Modeling the micromechanical interactions between clathrate hydrate particles and water droplets with reducing liquid volume

•Hydrate film/shell grows along the water-hydrocarbon interface.•Equations were developed for describing hydrate growth on liquid bridge surface.•Model was proposed for simulating the interactions by considering hydrate formation.•Effects of hydrate formation rate, water volume on adhesion force were discussed.

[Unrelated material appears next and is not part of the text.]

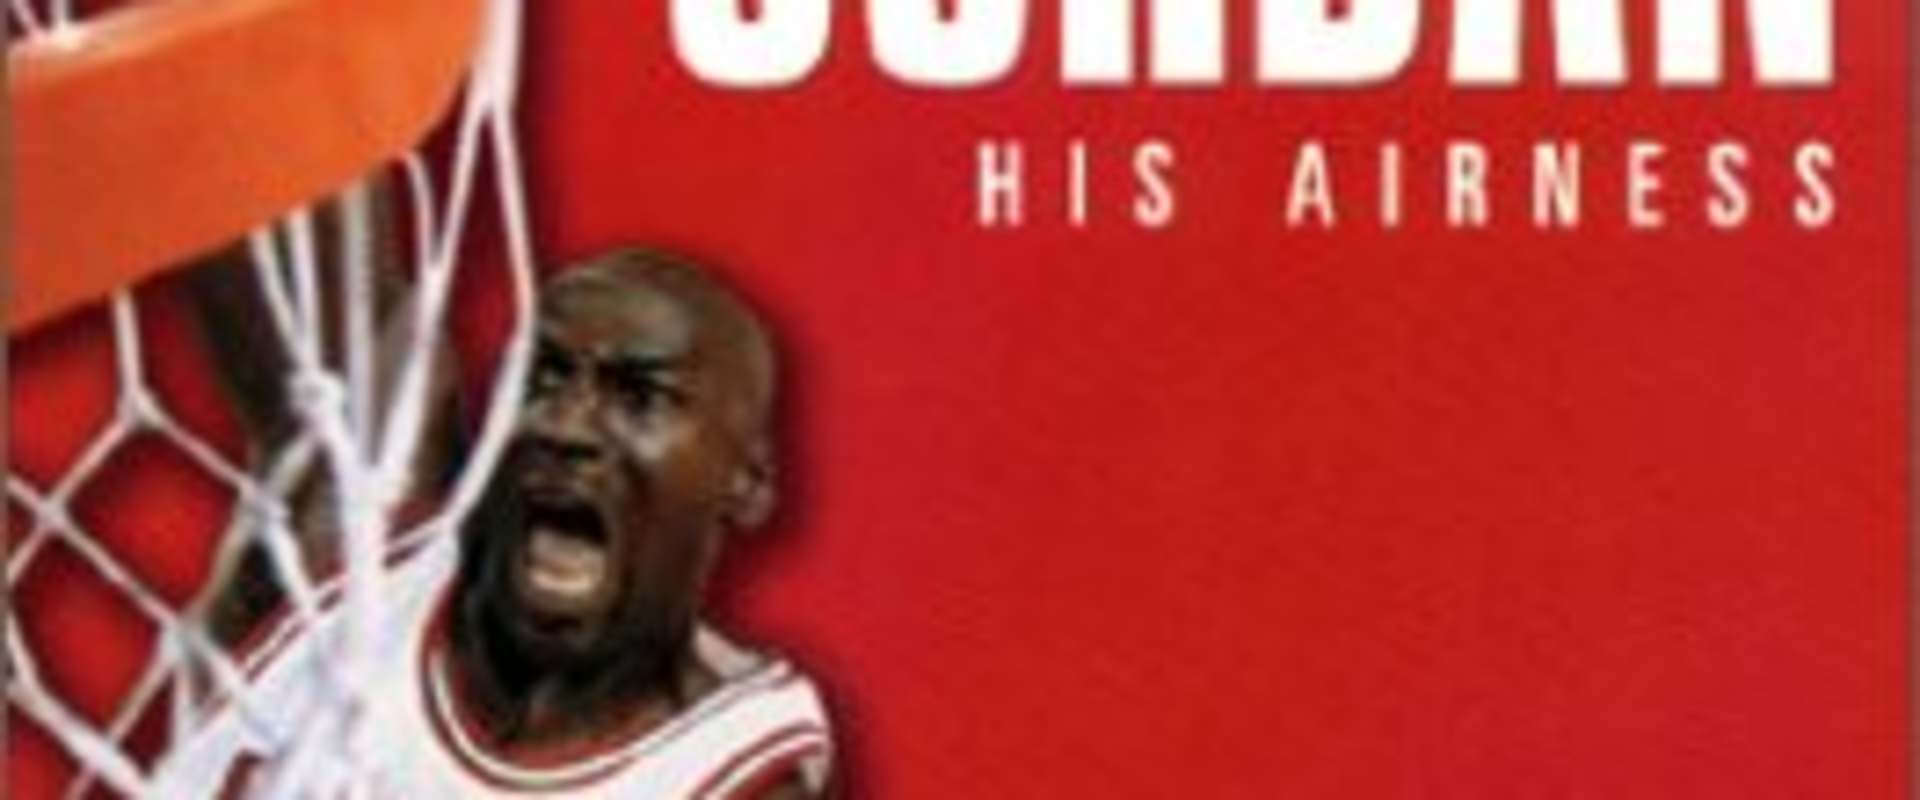 Michael Jordan: His Airness background 1
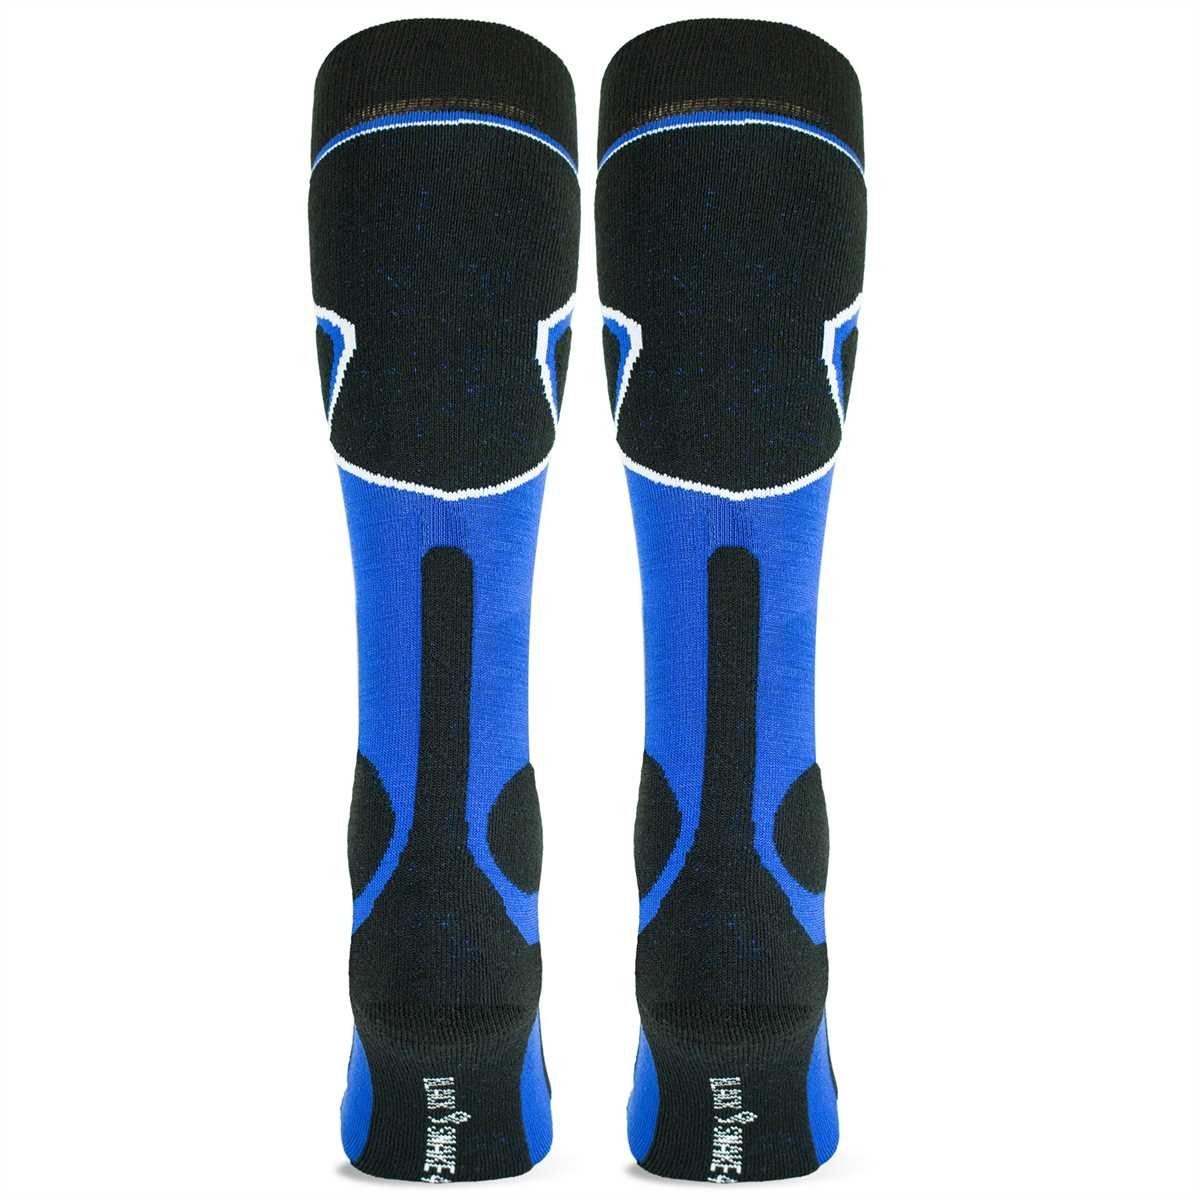 Black Snake gepolsterte Skisocken Schwarz/Blau Sportsocken Snowboard (2-Paar) Ski Funktionssocken high protection

The micromechanical interactions between hydrate particles and water droplets play an important role in determining hydrate agglomeration, which is a crucial cause of hydrate blockages/bedding in deepwater gas-oil flowlines. The amount of hydrate converted from water droplet during the interaction between hydrate particles and water droplets led to the reduction in liquid volume, which would significantly affect the interaction forces. The existing classic pendular liquid bridge model with fixed liquid volume is not adequate for this unique case. In this study, a modified pendular liquid bridge model has been developed by considering the conversion of hydrate from liquid droplet. Parabolic approximation and a rupture criterion are proposed to determine the liquid bridge profile and rupture distance, respectively. On the basis of experimental observations, the capillary force model between two plates is applied to predict the interaction forces. It is found that the evolution of the profile of bridge (including the hydrate coating section and the pure liquid section) can be predicted with a satisfactory accuracy. Subsequently, it ensures the good agreement between the measured and predicted interaction forces. The profile of the liquid bridge becomes unstable just before the rupture of the liquid bridge, resulting in a large deviation between the experimental results and the model predictions. The proposed model can be successfully used for investigating the effects of different factors, such as contact area and hydrate formation rate, on the interaction behavior/forces, which could help to provide new and critical insights into the hydrate agglomeration process. The developed models contribute a significant progress in existing models development on hydrate agglomeration, and thus could provide a more accurate evaluation of hydrate formation risk in gas-oil flowlines.